このように女性から夫に対する愛情は出産と共に激減していく傾向があることがわかりました。これは子育への不参加などの要因もありますが、ホルモンバランスの変化などもあるとう仮説もあり、明確な原因はまだわかっていないところもあります。
④生理的に無理への対策
「生理的に無理」な感覚は根が深く、せっかく好きになれそうな異性がいたとしても、一度思い込むとなかなか元に戻れないこともあったりします。そこで対策を7つ提案させて頂きます。
➀恋愛初期は気長に考える
②解決できるものなのか考える
③伝える勇気を持つ
④関係性をまずは築く
➄前向きな表現で伝える
⑥自分も手伝う
⑦限界設定をする
ご自身でも使えそうなものを組み合わせてご活用ください。
➀恋愛初期は気長に考える
松井(1990)[6][7]は大学生173名を対象に、青年の恋愛について調査を行いましました。その結果、初期においては、男性よりも女性の方が恋愛感情を持ちにくいことがわかりました。
女性は恋愛初期においては、警戒心も相まって、身体接触などに生理的嫌悪を覚えるのが普通です。一方で長期的に信頼関係を築き、安心できる関係になると、スキンシップがOKになることもあります。生理的嫌悪が自然とおさまるケースもあることをおさえておきましょう。
②解決できるか?考える
生理的に無理!と感じる対象が「努力で改善できるものなのか?」を考えるようにしましょう。例えば以下のような嫌悪感は改善ができそうです。
爪に垢が溜まっている
→洗えば解決!
靴が汚れている
→綺麗な靴をプレゼントする
食べ方が汚い
→信頼関係を築いてから、改善をお願いする
汗がにおう
→信頼関係を築いてから、消臭スプレーを使ってもらう
上記のような対象であれば、長い目で見れば、問題は解決できそうです。あきらめるのはもったいないと言えそうです。

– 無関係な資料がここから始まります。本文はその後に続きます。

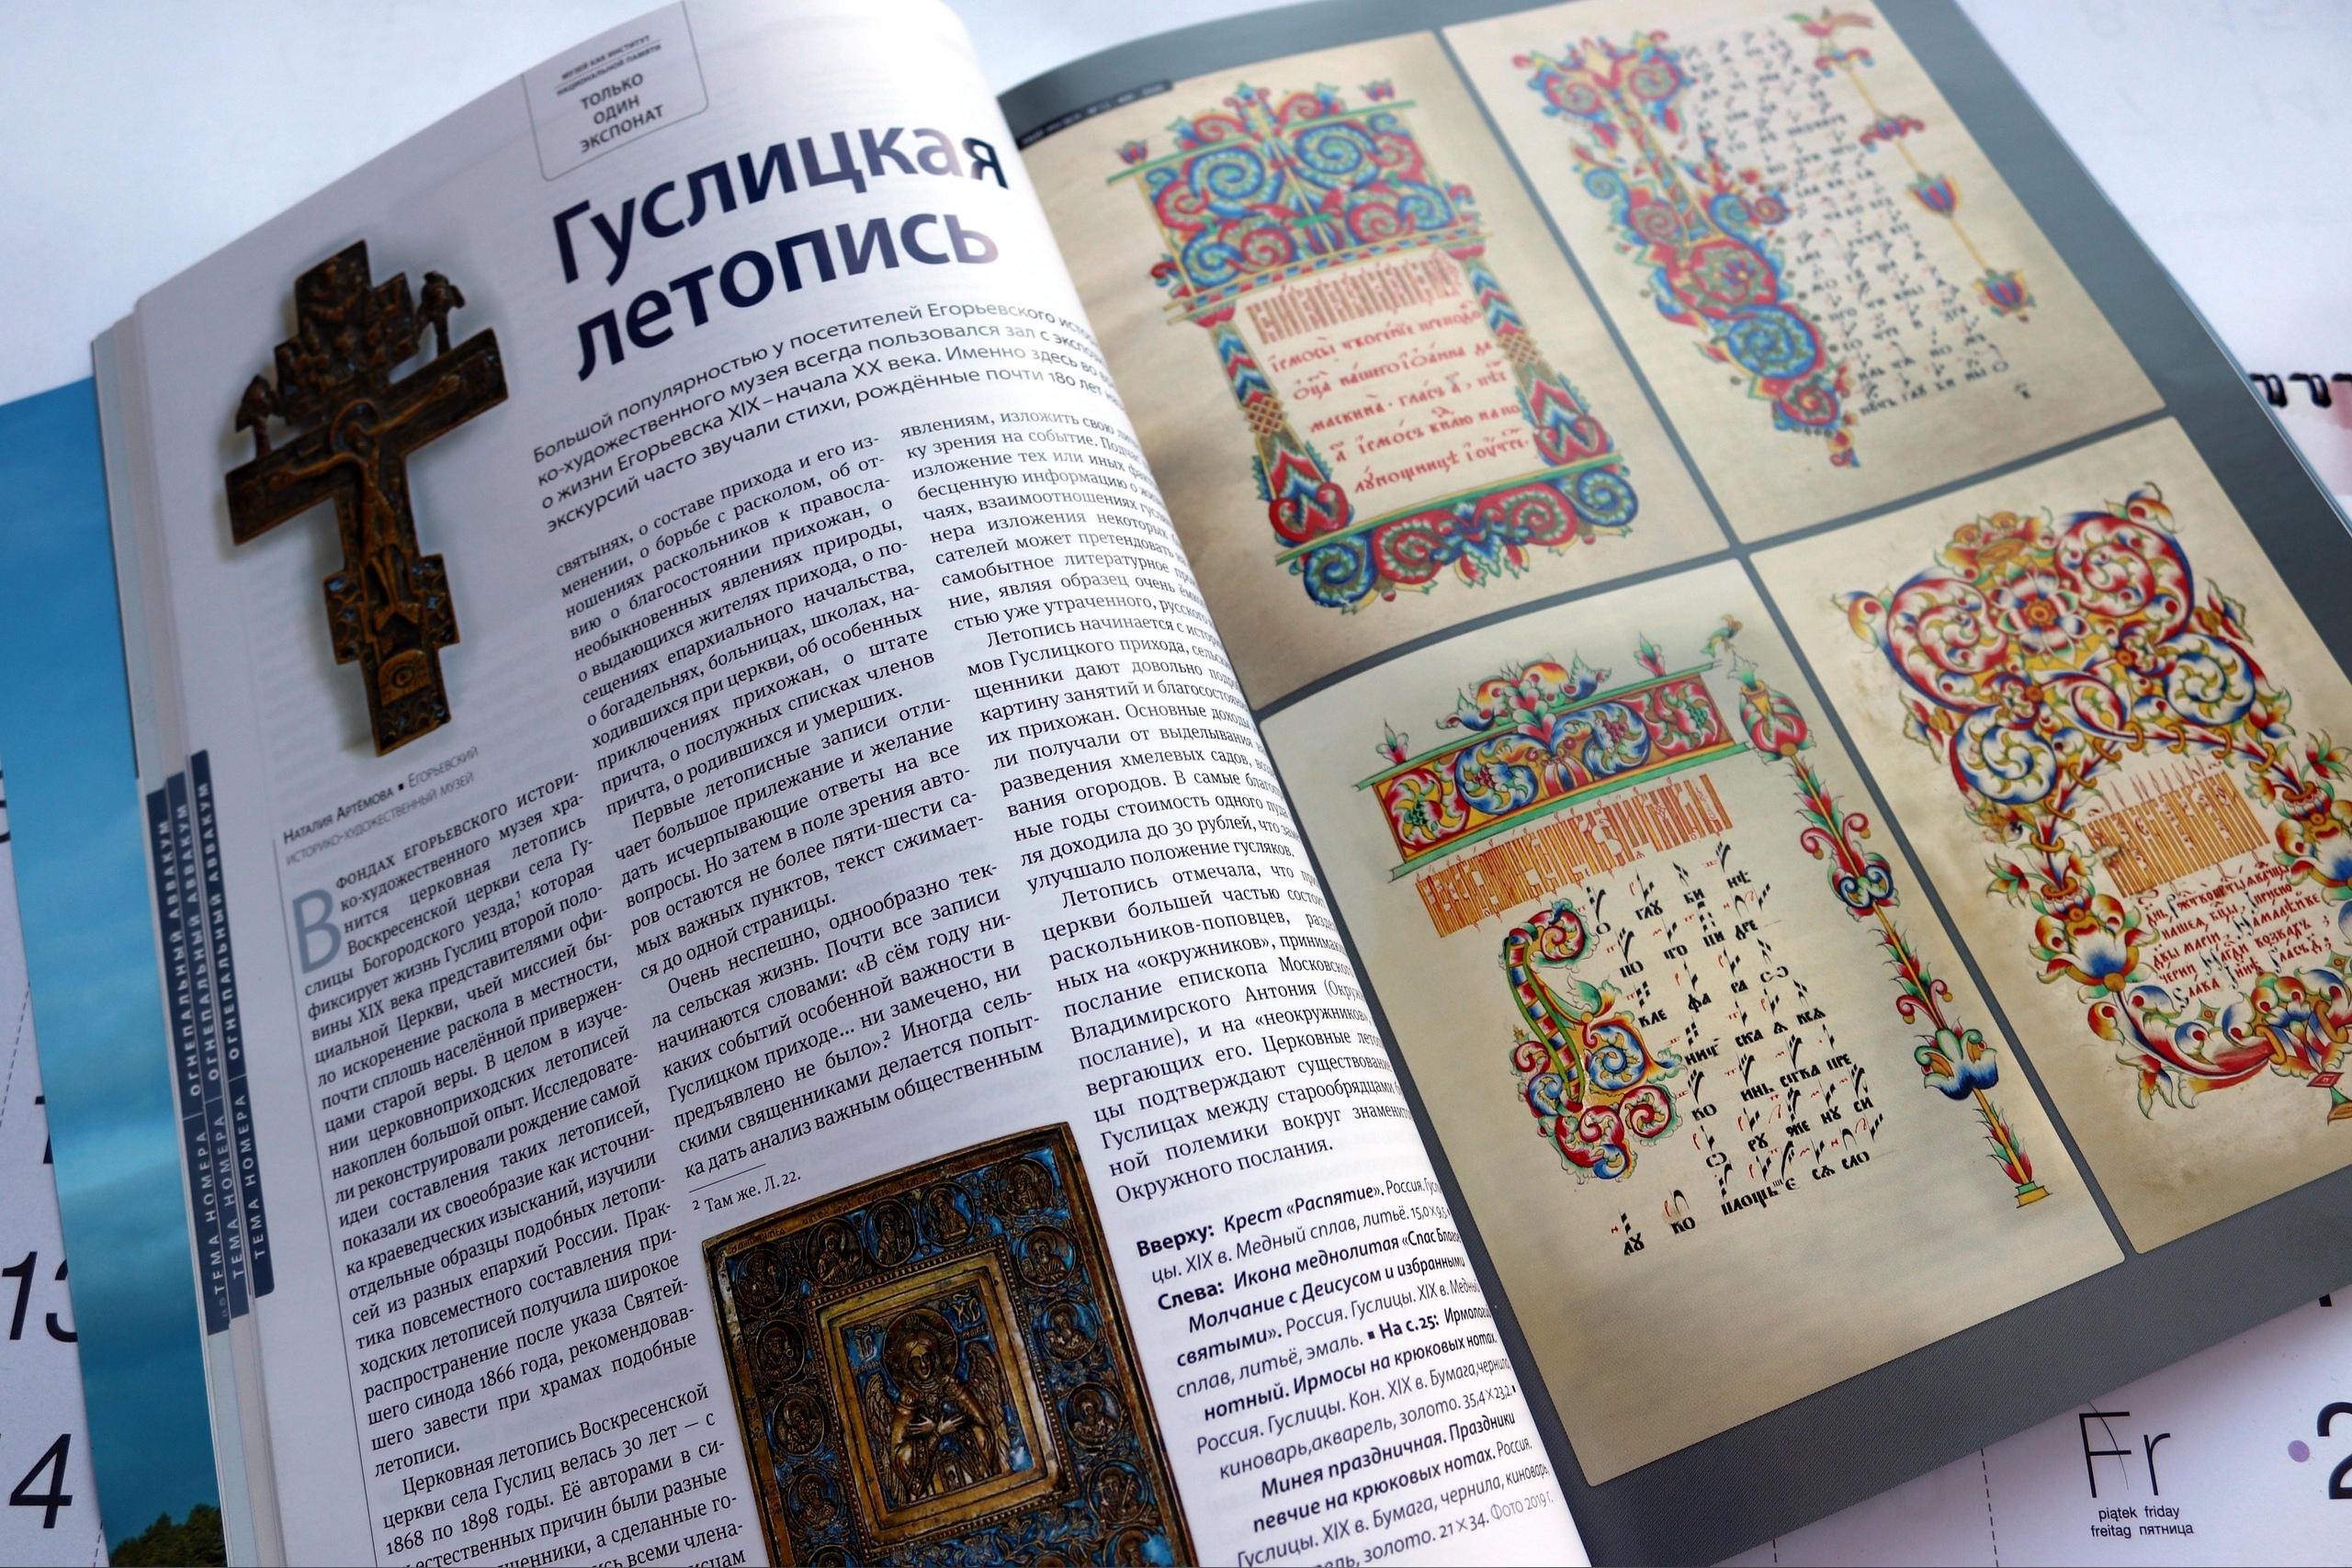 Статья о гуслицкой летописи стала лучшей публикацией журнала «Мир музея» за 2020 год

一方で、顔の骨格、身長などは変えようがありません。。これらがどうしても自分のタイプと合わないと感じる場合は残念ですが、関係を続けるのは難しいと判断できると思います。
③伝える勇気を持つ
生理的に無理な対象が、改善な可能な場合でも短期的な付き合いの場合はわざわざ指摘しなくても、会うことはないので特にアクションは不要かもしれません。
一方で、生理的に無理でも、今後長期的に関係を進めていきたい場合は、思い切って、相手に伝える勇気を持つことも大切です。男性は女性と比較して、清潔感について疎いものですが、その分、女性からの意見は意外と素直に受け入れるものです。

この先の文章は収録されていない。